I am trying to monitor consumer offsets of a given group with the Java API. I create one additional consumer which does not subscribe to any topic, but just calls consumer.committed(topic)
to get the offset information. This kind of works, but:
For testing I use only one real consumer (i.e. one which does subscribe to the topic). When I shut it down using close()
and later restart one, it takes 27 seconds between subscribe and the first consumption of messages, despite the fact that I use poll(1000)
.
I am guessing this has to do with the rebalancing possibly being confused by the non-subscribing consumer. Could that be possible? Is there a better way to monitor offsets with the Java API (I know about the command line tool, but need to use the API).
There are different ways to inspect offset from topics, depends on the purpose of what you want it for, besides of "committed" that you described above, here are two more options:
1) if you want to know the offset id from which the consumer start to fetch data from broker next time Thread(s) start(s), then you must use "position" as
long offsetPosition;
TopicPartition tPartition = new TopicPartition(topic,partitionToReview);
offsetPosition = kafkaConsumer.position(tPartition);
System.out.println("offset of the next record to fetch is : " + position);
2) calling "offset()" method from ConsumerRecord object, after performing a poll from kafkaConsumer
Iterator<ConsumerRecord<byte[],byte[]>> it = kafkaConsumer.poll(1000).iterator();
while(it.hasNext()){
ConsumerRecord<byte[],byte[]> record = it.next();
System.out.println("offset : " + record.offset());
}
Found it: the monitoring consumer added to the confusion but was not the culprit. In the end it is easy to understand though slightly unexpected (for me at least):
The default for session.timeout.ms
is 30 seconds. When a consumer disappears it takes up to 30 seconds before it is declared dead and the work is rebalanced. For testing, I had stopped the single consumer I had, waited three seconds and restarted a new one. This then took 27 seconds before it started, filling the 30 seconds time-out.

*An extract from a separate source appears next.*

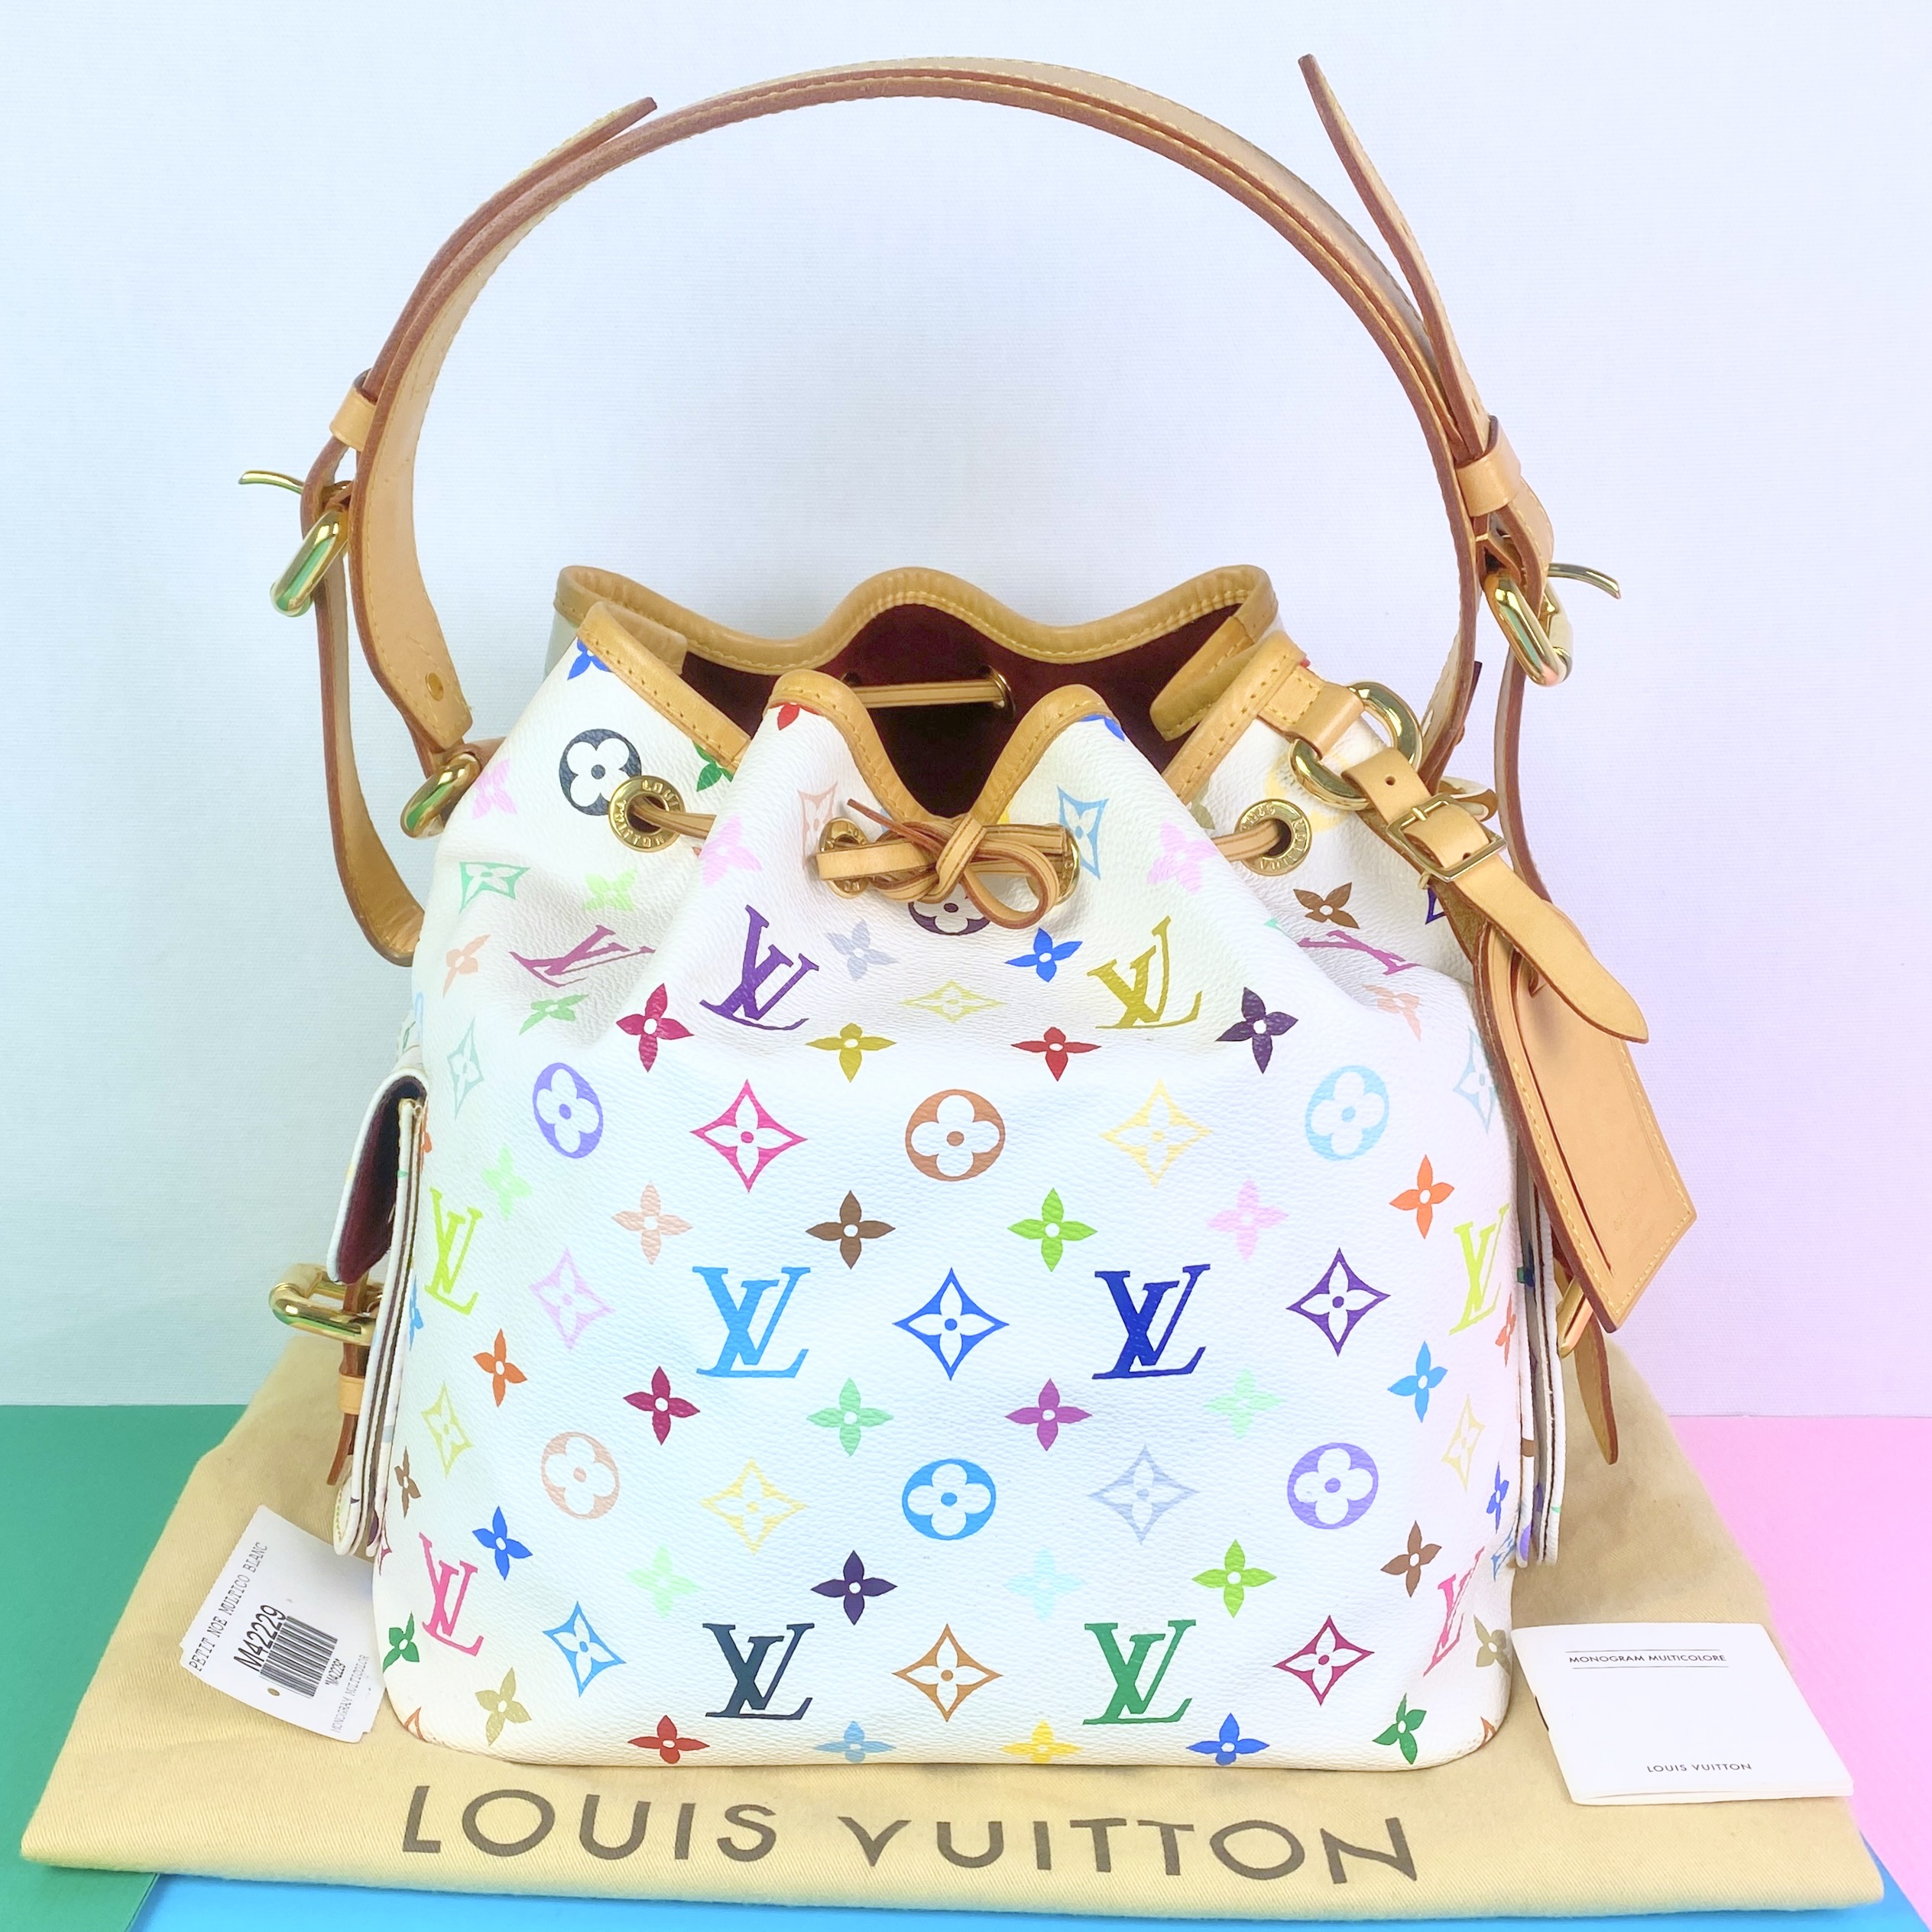 Louis Vuitton Discontinued Size! Artsy Gm! Code Ca2170 Made In Spain!  Shoulder Bag

I would have expected that a single, lone consumer starting up does not wait for the time-out to expire, but starts to "rebalance", i.e. grab the work immediately. It seems though that the time-out has to expire before work is rebalanced, even if there is only one consumer.
For the testing to get through faster, I changed the configuration to use a lower session.timeout.ms
for the consumer as well as group.min.session.timeout.ms
for the broker.
To conclude: using a consumer that does not subscribe to any topic for monitoring the offsets works just fine and does not seem to interfere with the rebalancing process.